Networks and Distributed Systems

Computer networking

Computer networking is the engineering discipline that is concerned with the communication between computer devices or systems. Any set of computers or devices linked to each other with the capacity to exchange data is called a computer network. Networks are constructed with a combination of computer hardware and computer software.
Computer networks are used for a range of purposes:

1. To facilitate communications. Using a computer network, people are able to communicate easily and efficiently via email, chat rooms, instant messaging, telephone, video telephone calls as well as video conferencing.
2. To share hardware. Computers on a network can have access to and use hardware resources on the network, for instance printing documents on a shared network printer.
3. To share data, information and files. In a networked environment, authenticated users can access data and information that is stored on other computer systems on the network. The ability to provide access to information and data on shared storage devices is an essential attribute of many networks.
4. To share software. Users connected to a computer network can run application software on remote computers.
5. Data Protection and Redundancy. Networking computers together enables users to distribute copies of vital information across multiple locations hence ensuring that important information is not lost in case any one computer on the network failures. By using central backup systems, unique data and documents can be collected automatically from all computers in the network and backed up securely in case of accidental deletion or physical computer damage.
6. Distributing Computing Power. There are some organizations that require extraordinary computing power. Computer networking enables such organizations to distribute computational tasks across several computers in the network, breaking intricate problems into many smaller tasks, which are then distributed to individual computers. Every computer on the network executes its operations on its own share of the larger problem then returns the results to the controller, which assembles the results and makes conclusions that no single computer could accomplish individually.
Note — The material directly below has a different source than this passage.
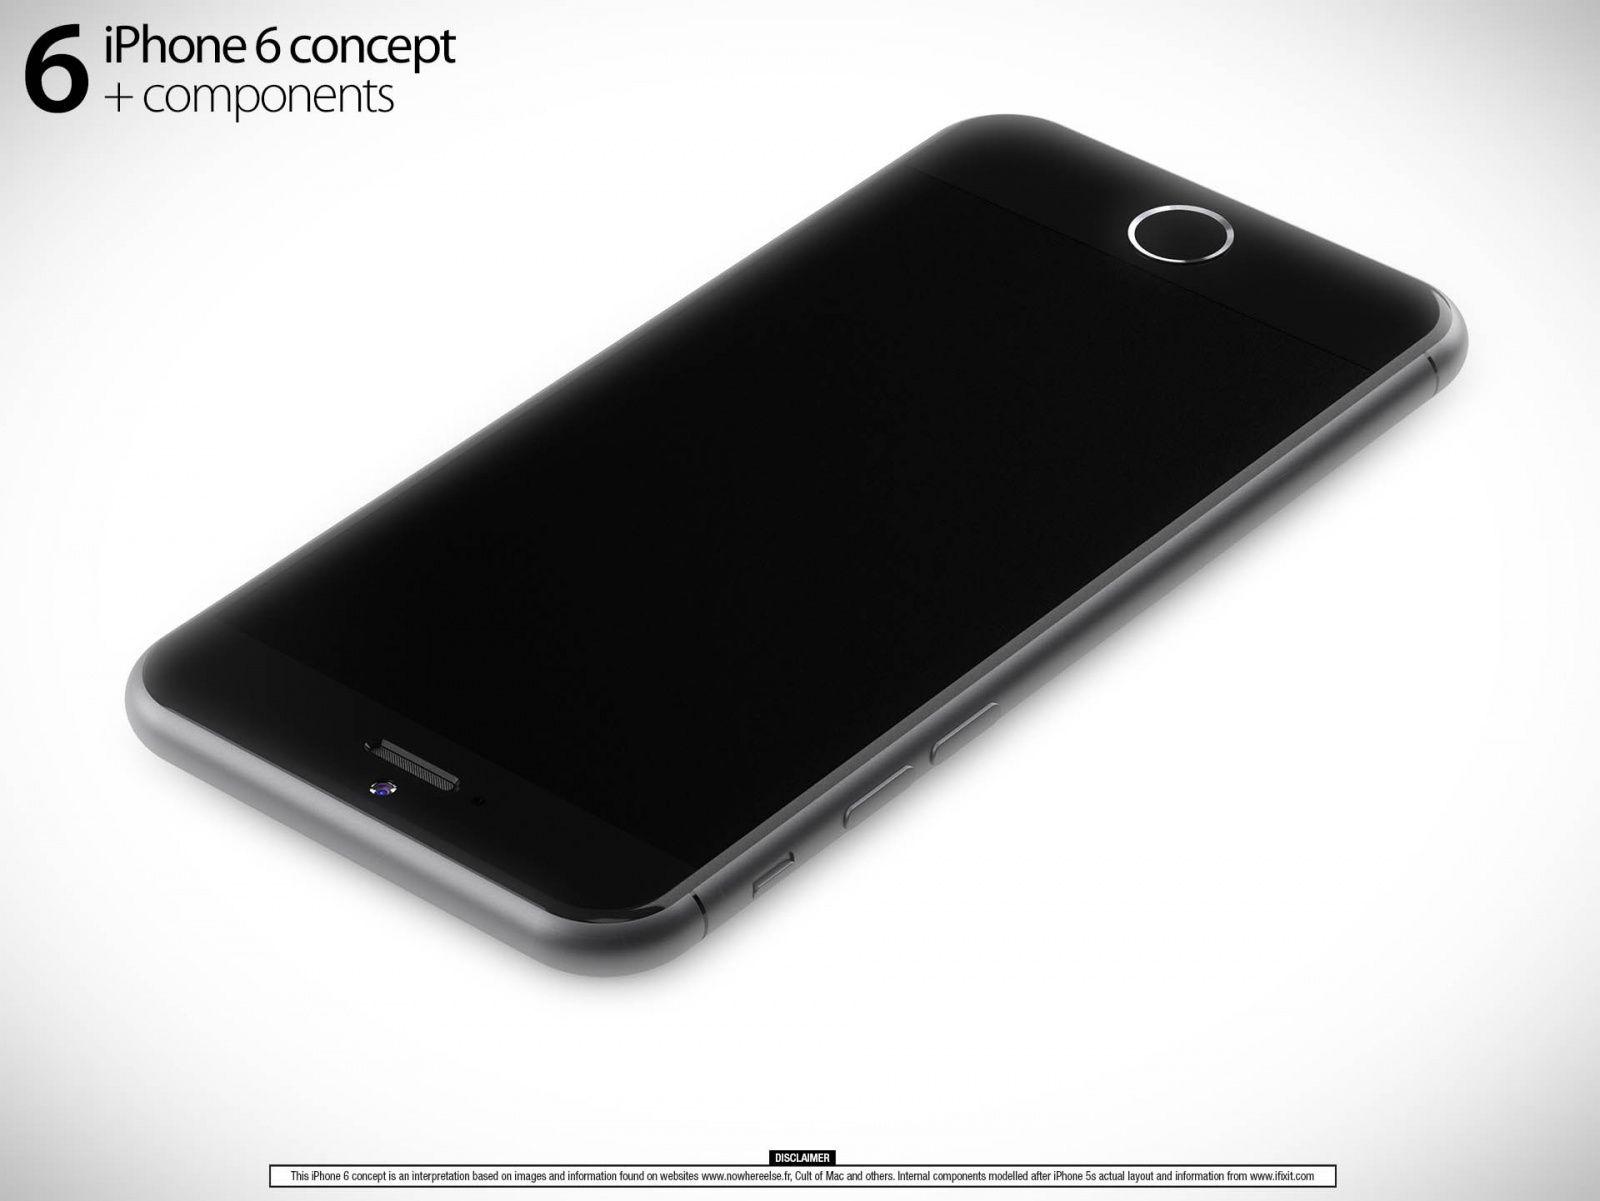 iphone6_martinhajek_13.jpgab0a5271-8cdd-4c74-bbe0-cc0bb07029abOriginal
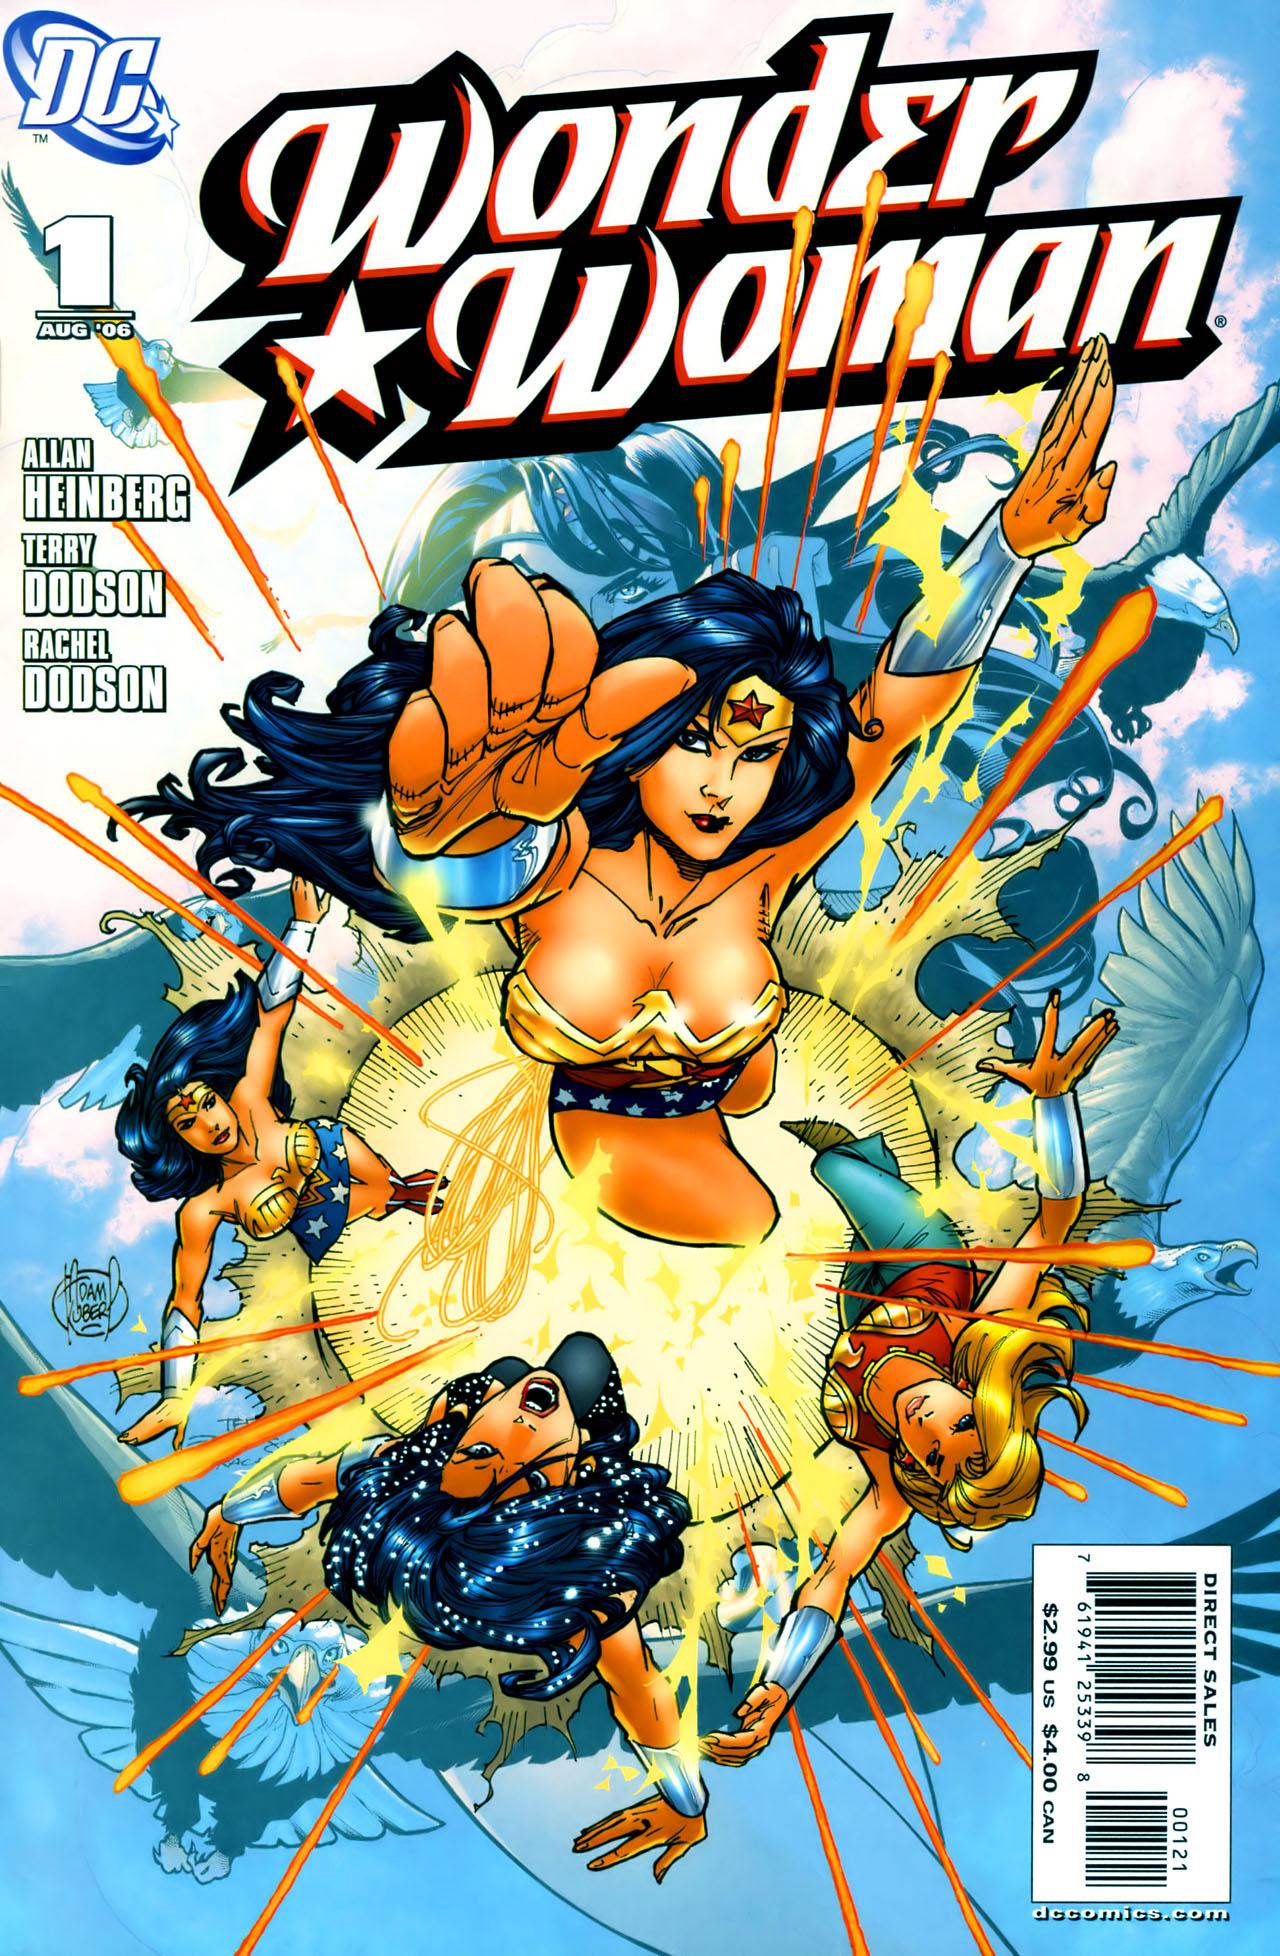 Read online Wonder Woman (2006) comic -  Issue #1 - 2

Types of wired network technologies

   1. Twisted pair wire: This medium for telecommunication is the most commonly used. Twisted-pair cabling comprises copper wires which are twisted into pairs. Regular telephone wires comprise two insulated copper wires which are twisted into pairs. Computer network cables consist of four pairs of copper cables that can be used for both data and voice transmission. Using 2 wires twisted together helps in reducing electromagnetic induction as well as crosstalk. The speed of transmission ranges from 2 million bits/second to 100 million bits/second. There are two forms of twisted pair cabling; Shielded twisted-pair (STP) and Unshielded Twisted Pair (UTP) which are manufactured in diverse increments for different purposes.
   2. Coaxial cable: This is commonly used for office buildings, cable television systems and other worksites for LANs (local area networks). The cables are made of copper or aluminum wire covered with an insulating layer usually of a flexible material that has a high dielectric constant. All of these are then encased with a conductive layer. The insulation layer helps minimize distortion and interference. The speed of transmission ranges from 200 million to over 500 million bits/second.
   3. Optical fiber: This cable is made of one or more glass fiber filaments enclosed with protective layers. Fiber-optic cables transmit light that can travel over extensive distances. These cables are not affected in any way by electromagnetic radiation. The speed of transmission could reach trillions of bits/second.

Types of wireless network technologies

   1. Terrestrial microwave; these microwaves use earth-based receivers and transmitters. The equipments resemble satellite dishes. Terrestrial microwaves utilize a low-gigahertz range, limiting all communication to line-of-sight. The path between transmission stations is spaced approximately 30 miles from each other. Normally, microwave antennas are located on the top of a building, tower, hill, or mountain peak.